Take, for example, flooding. Political sources suggest that the Government was perceived to be slow off the mark in dealing with the issue because it failed to flag it up early enough. Defra and the Environment Agency were well aware of the potential problems they were facing after weeks of prolonged rainfall – but because it did not fit with the Number 10’s agenda of talking about the economy, too little effort was made to warn the public of the risks or what the Government was doing about it.

It is telling that only one press release about flooding was released by Defra in the whole of January. It was only when the problem became a crisis that the machine sprang into action – but by then it was too little too late.

Others complain that an unrelenting focus on certain subject areas is inadvertently distorting priorities in government. There is a sense of drift in parts of Whitehall that now feels unappreciated by a centre whose message appears to be – be seen and not heard.

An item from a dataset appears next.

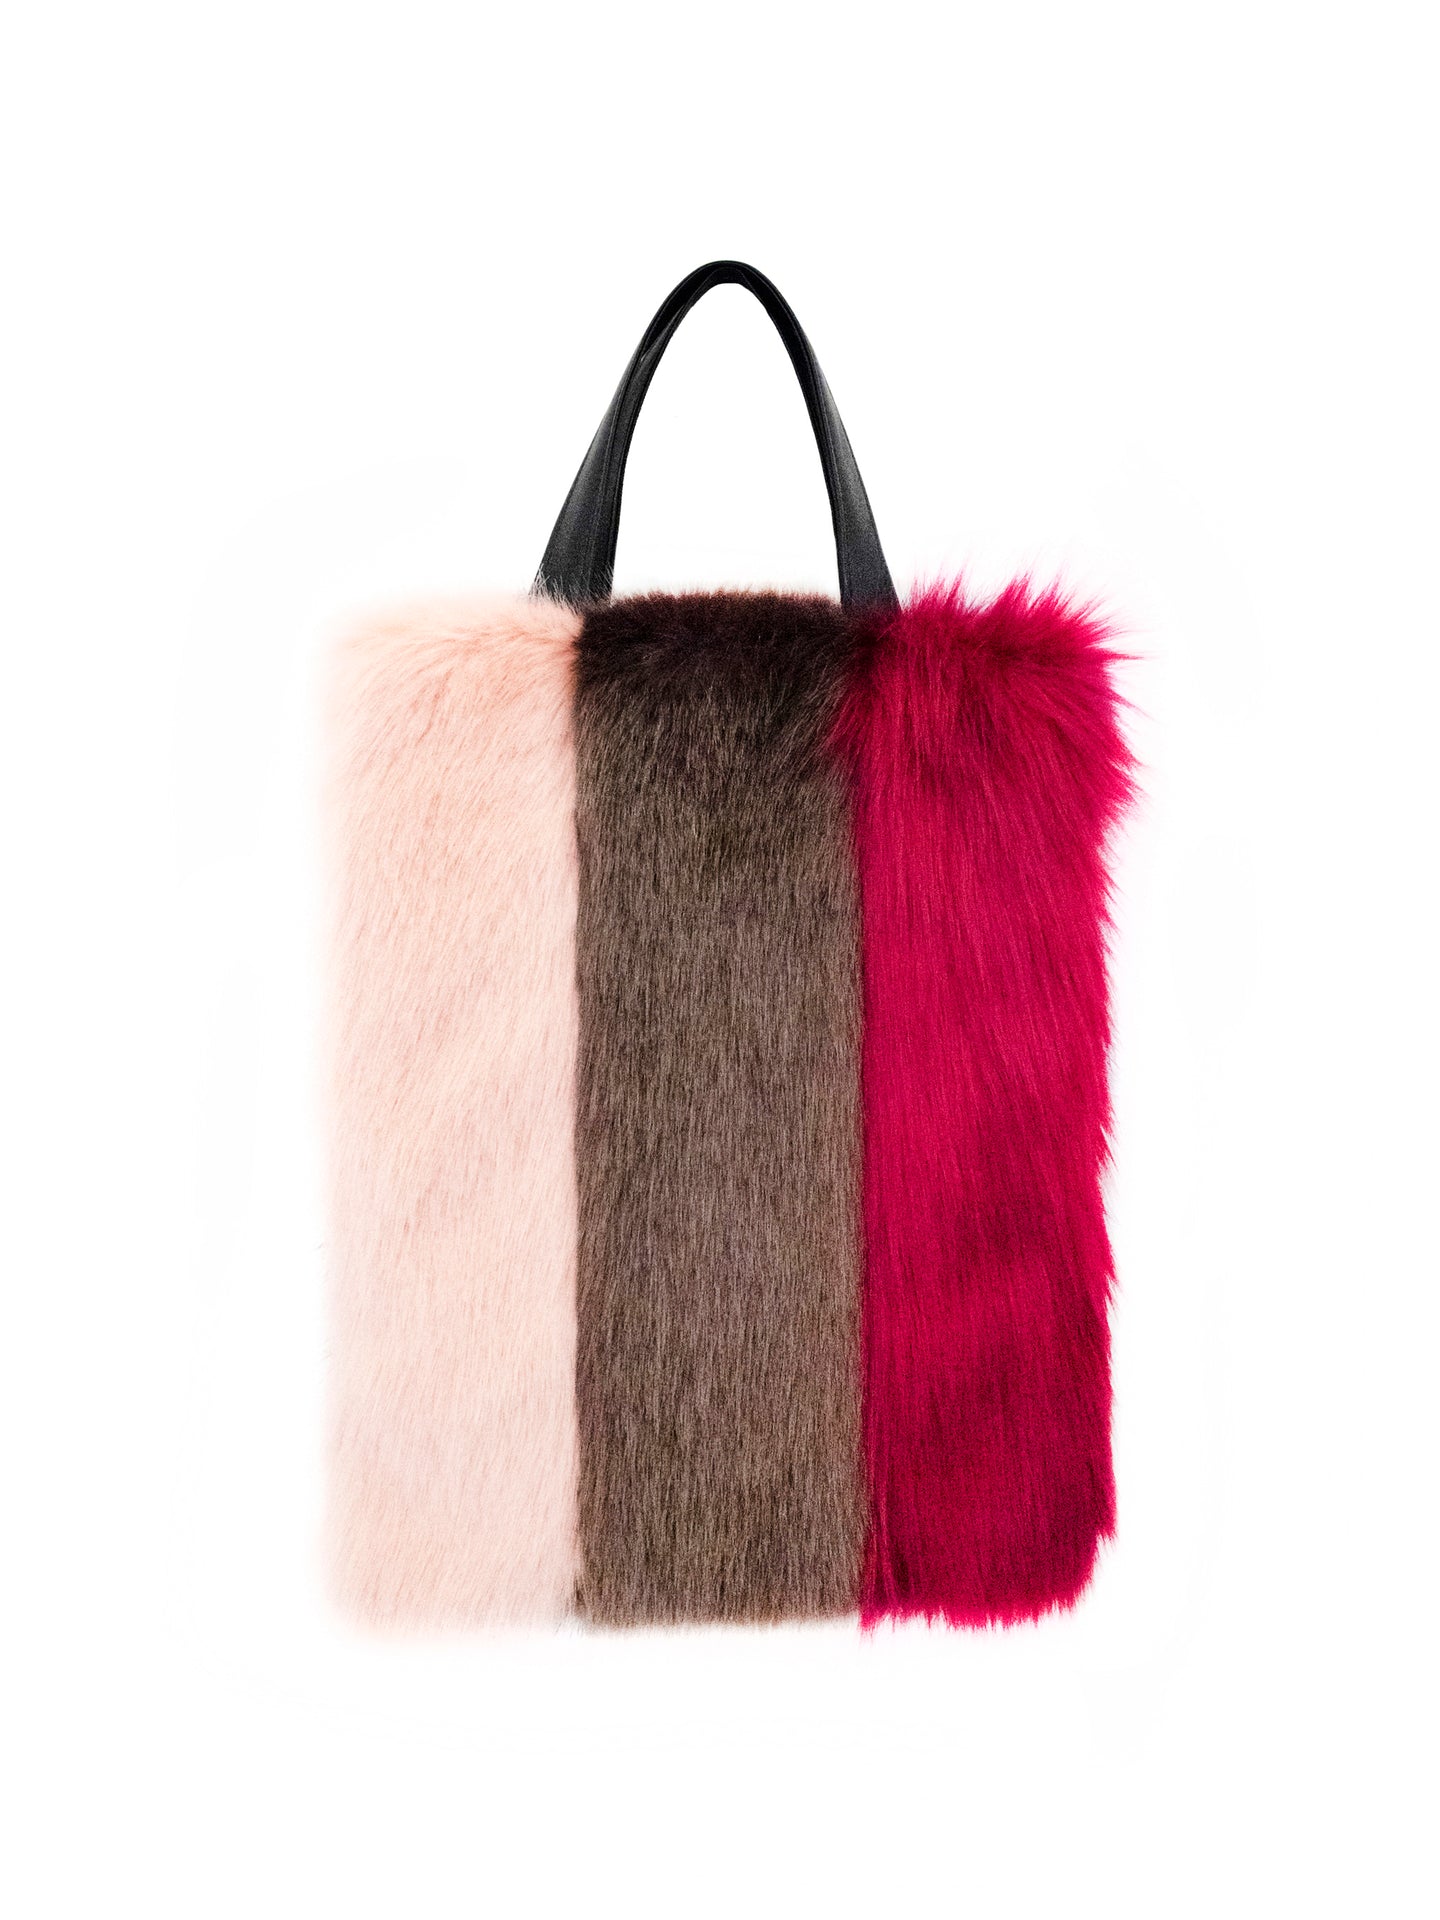 How to sew the trendy Faux Fur Tote Bag - Balenciaga inspired - YouTube

Some of this is simply irritation by junior ministers that they are being muzzled from talking about their pet projects. But there is a wider point. Governments should have some sort of obligation to promote and talk about issues beyond the narrow focus of party political gain. Just because an issue isn’t going to win you votes doesn’t mean it isn’t important. That applies particularly to speeches like Baroness Warsi’s on religious intolerance.

But there is one amusing postscript to this new Downing Street diktat: it is bringing some Liberal Democrat ministers closer to their Tory counterparts. Nick Clegg has made it very clear that his ministers will not be bound by the strictures that now affect their Coalition partners.

So in order to get their schemes and plans noticed some Conservative ministers are turning to their Liberal Democrat colleagues for help. “Who says we’re not working well together?” remarked one Lib Dem dryly.